→ **Your instructions**: Retype exactly the span of lines below from the one with "Waco Winnie the Pooh" through the one with "Tермостакан для напоїв". Do not include pictures.

→ **Data section**:
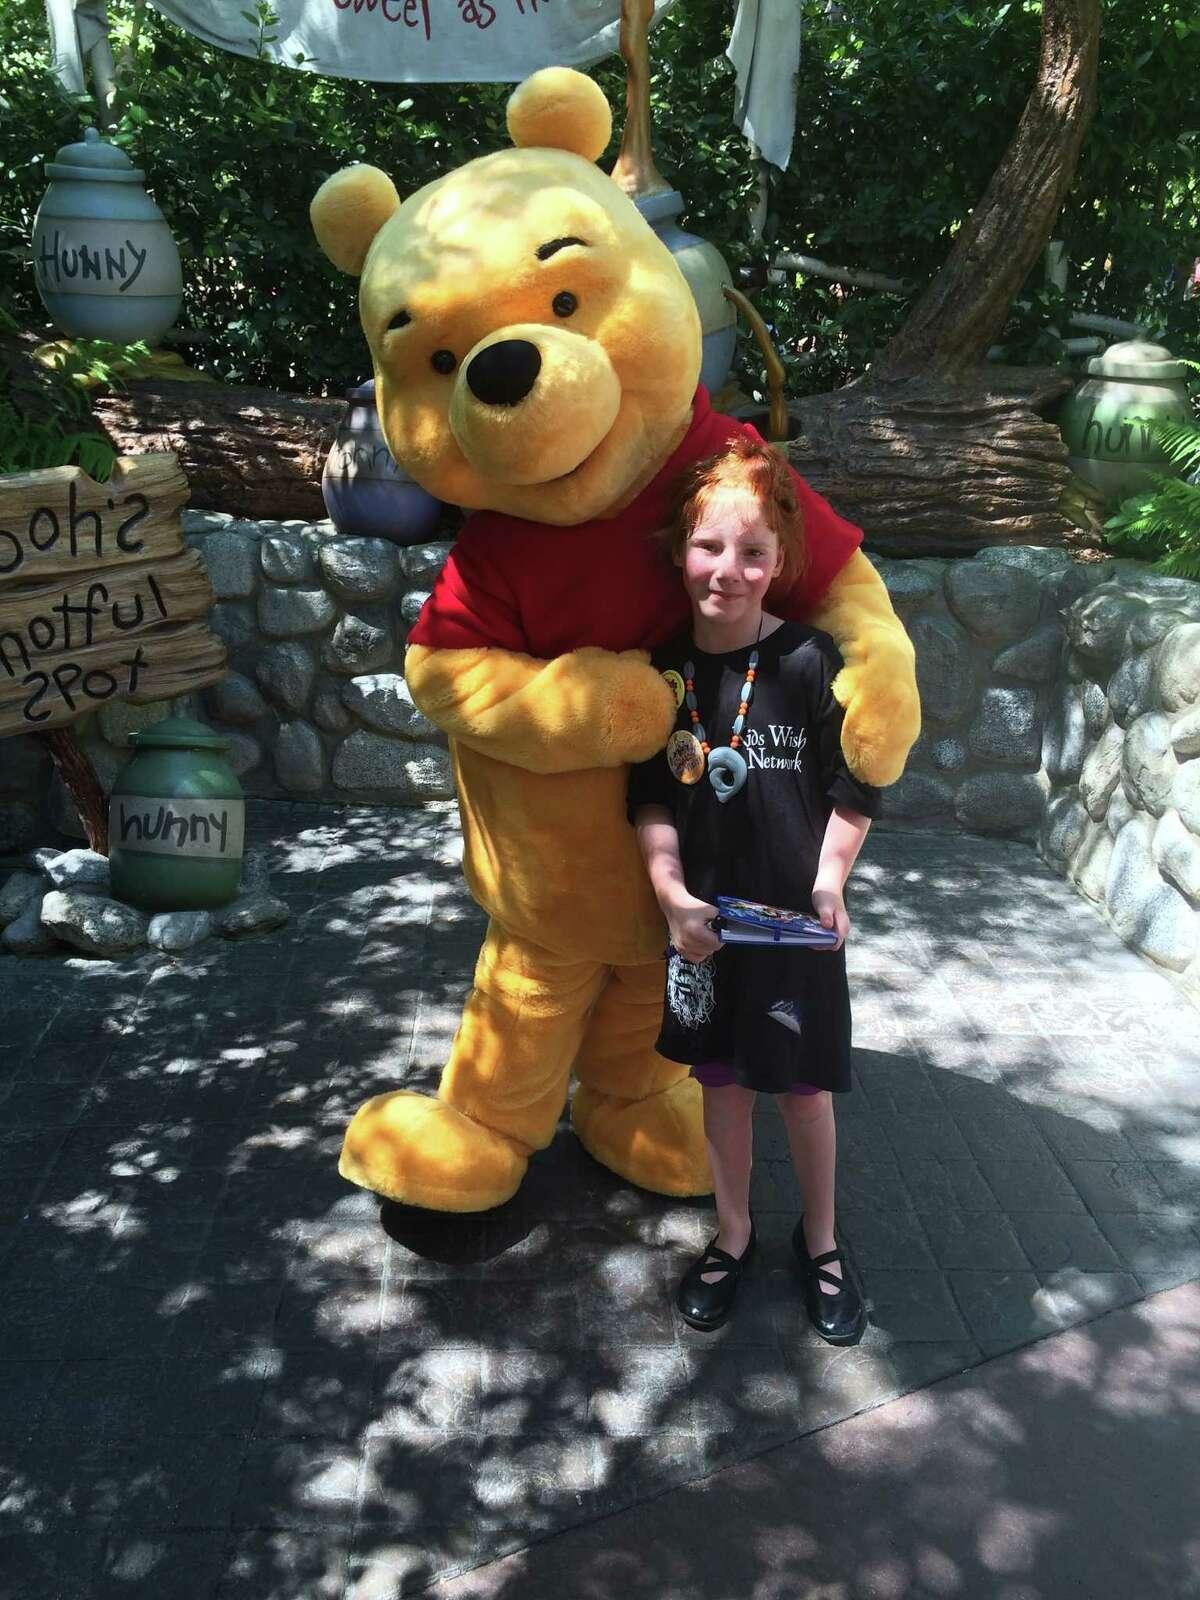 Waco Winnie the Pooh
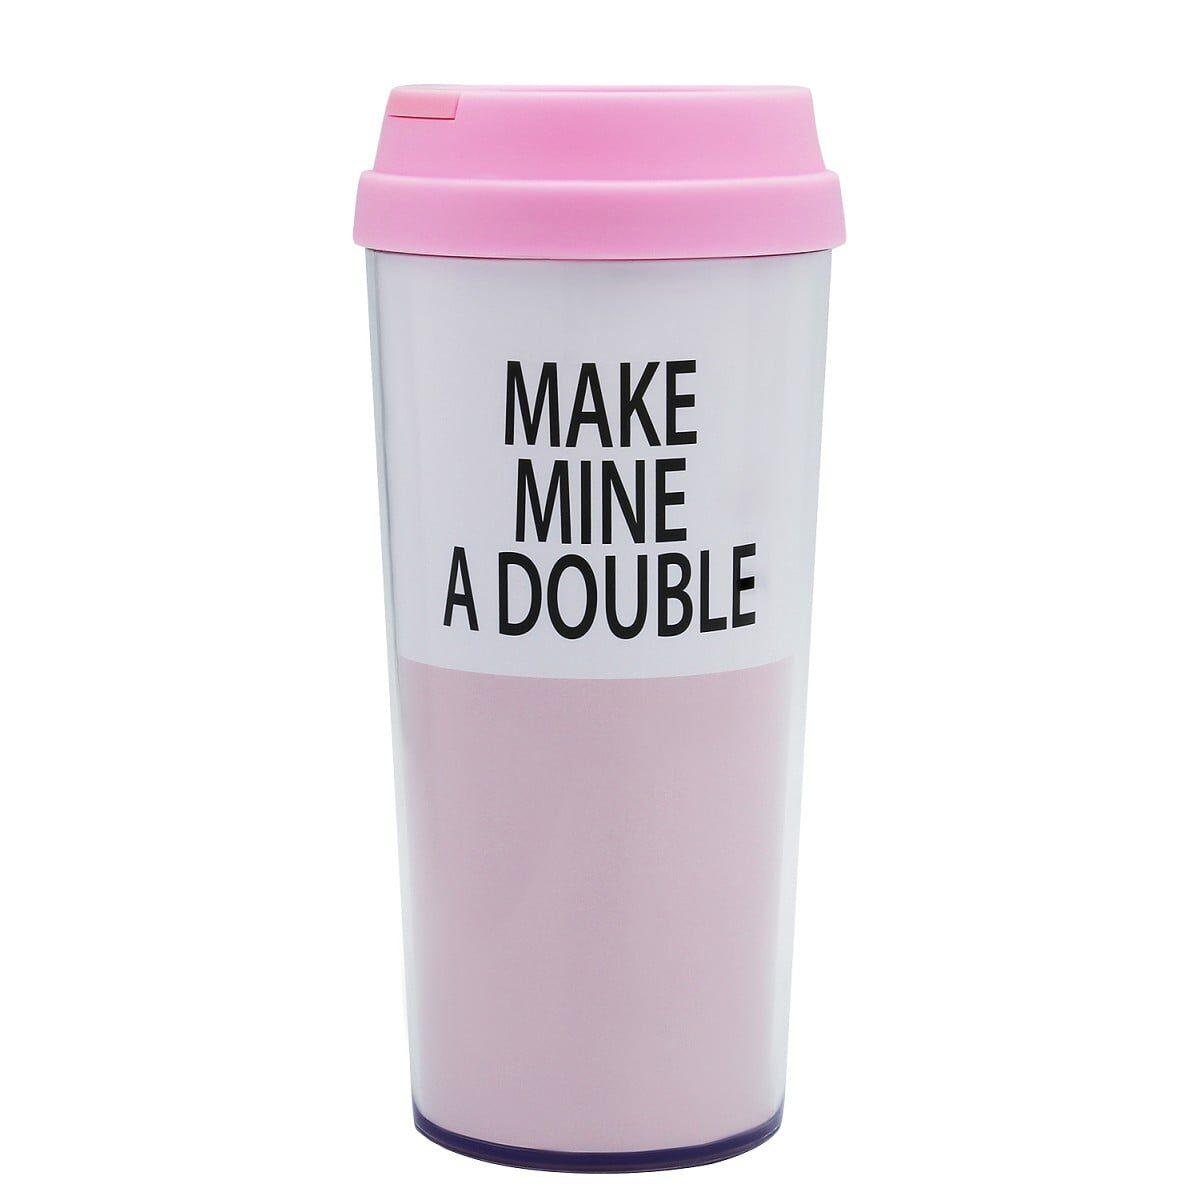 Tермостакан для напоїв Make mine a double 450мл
==
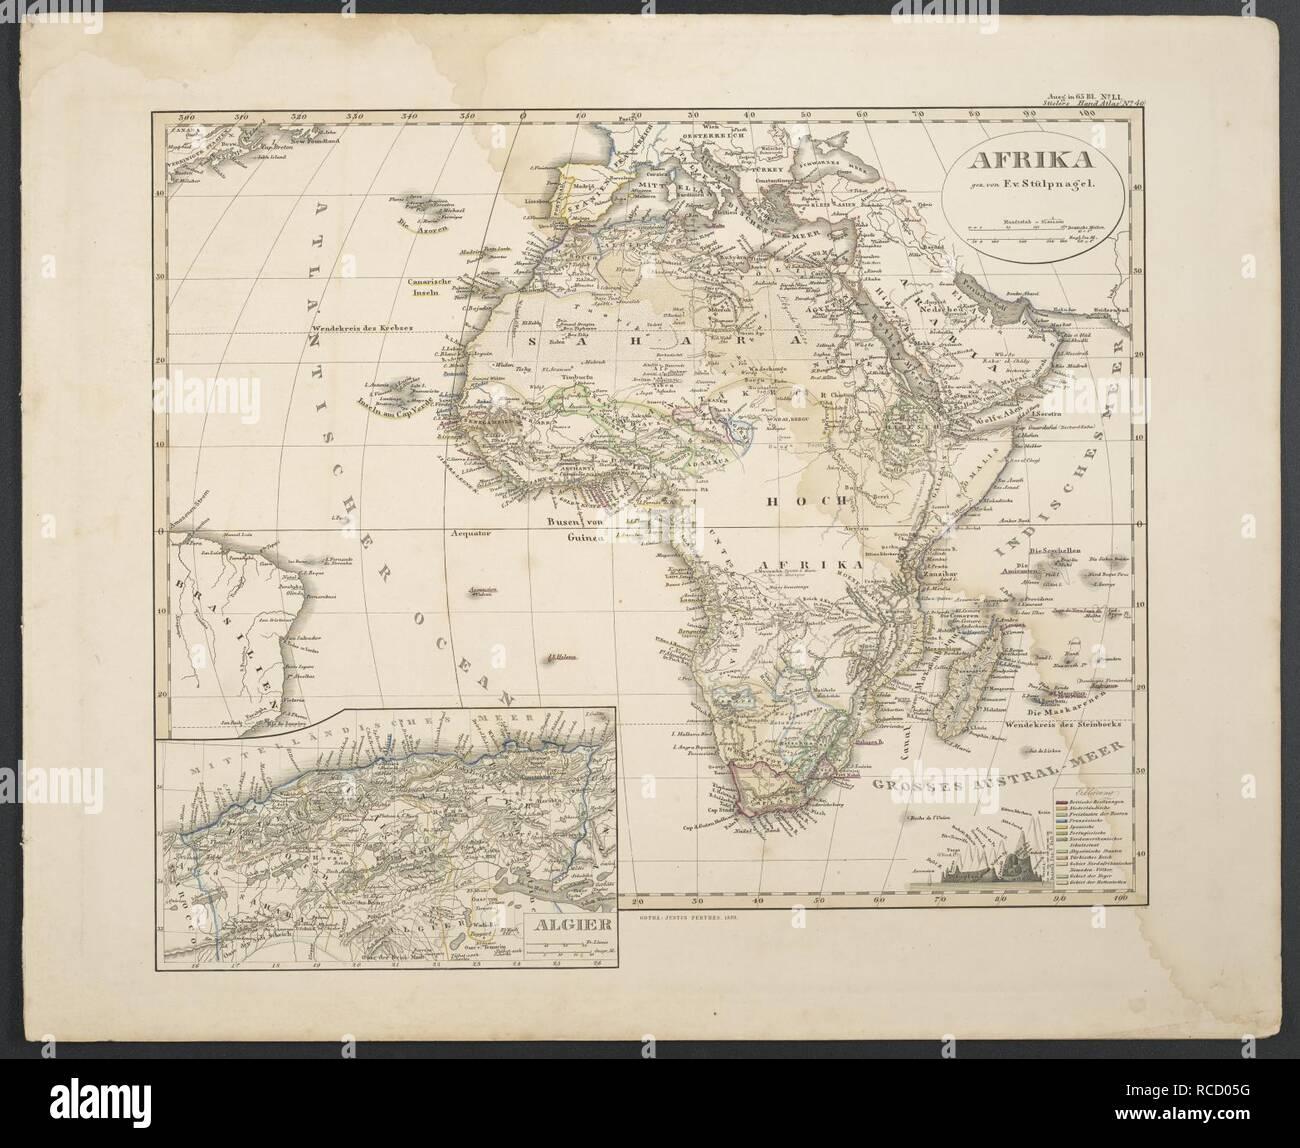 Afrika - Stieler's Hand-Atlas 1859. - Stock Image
--
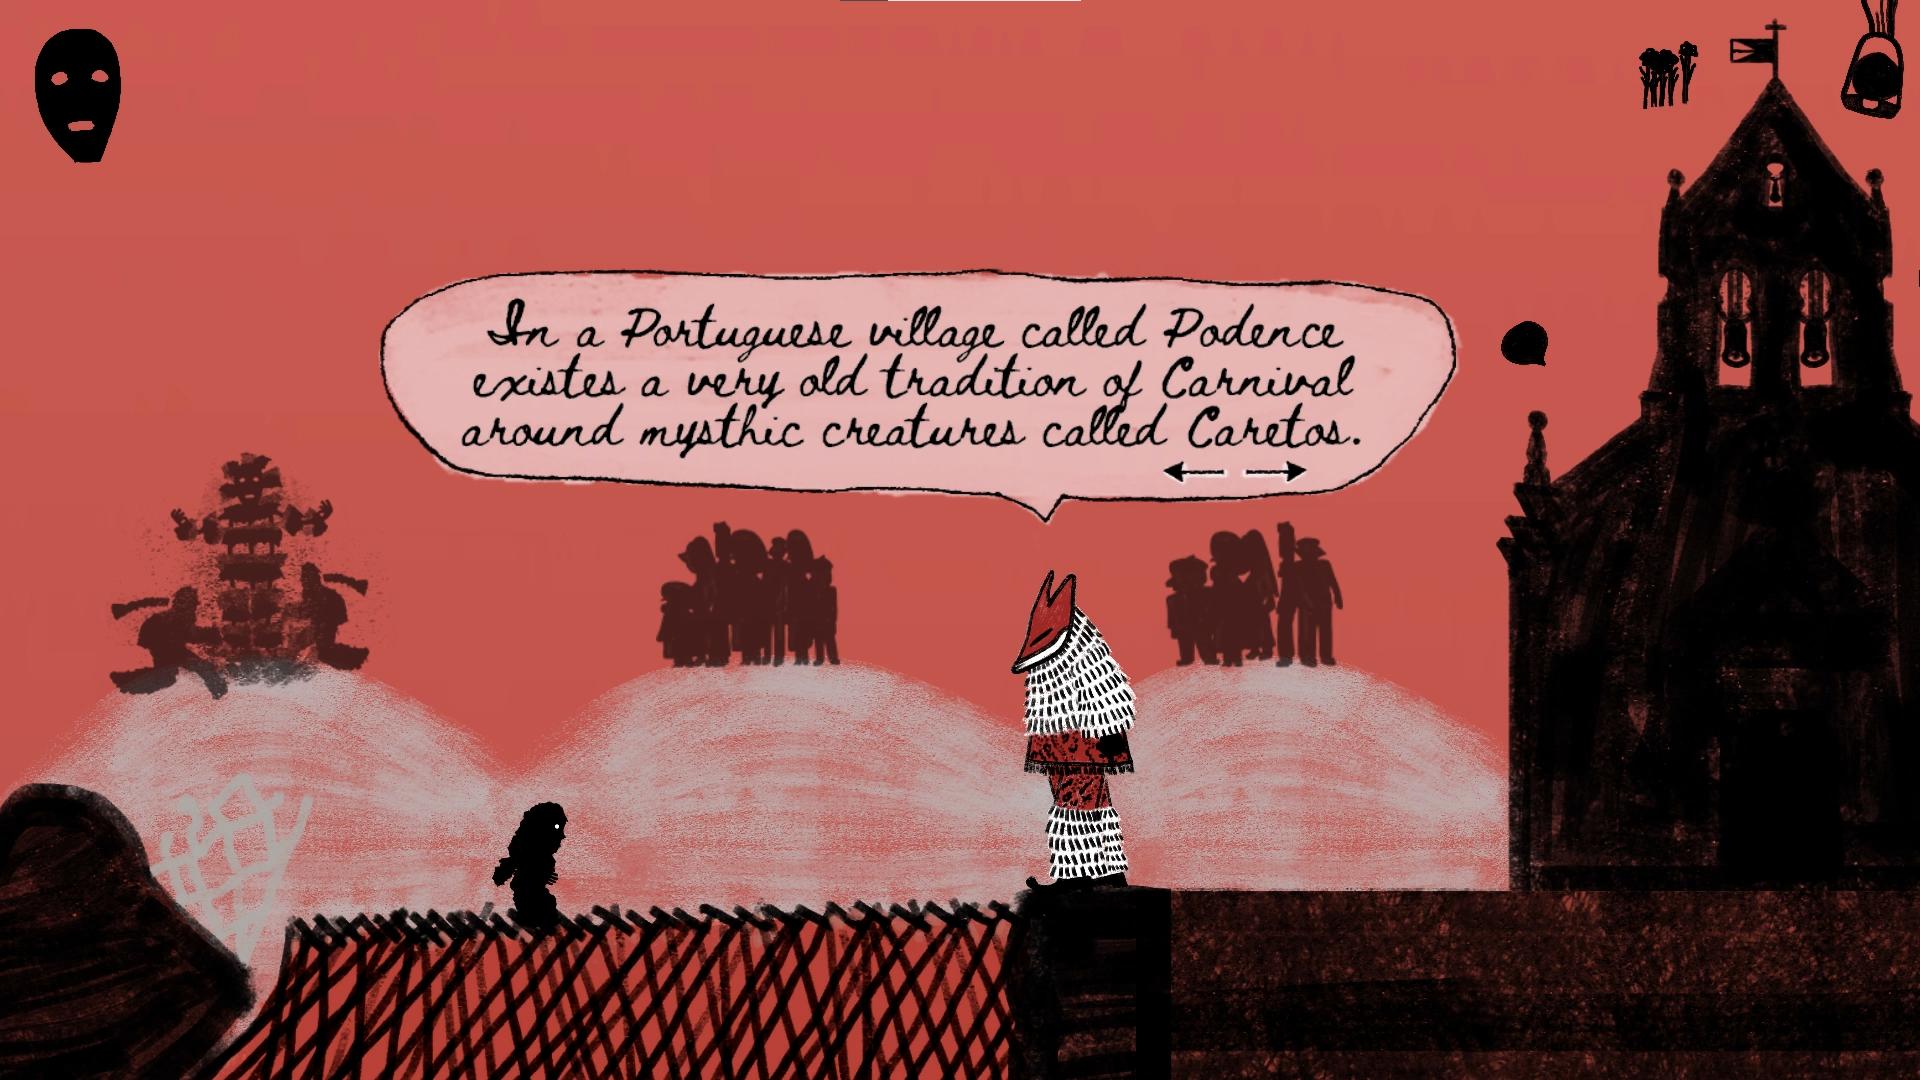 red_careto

→ **Written solution**:
 Waco Winnie the Pooh
 Tермостакан для напоїв Make mine a double 450мл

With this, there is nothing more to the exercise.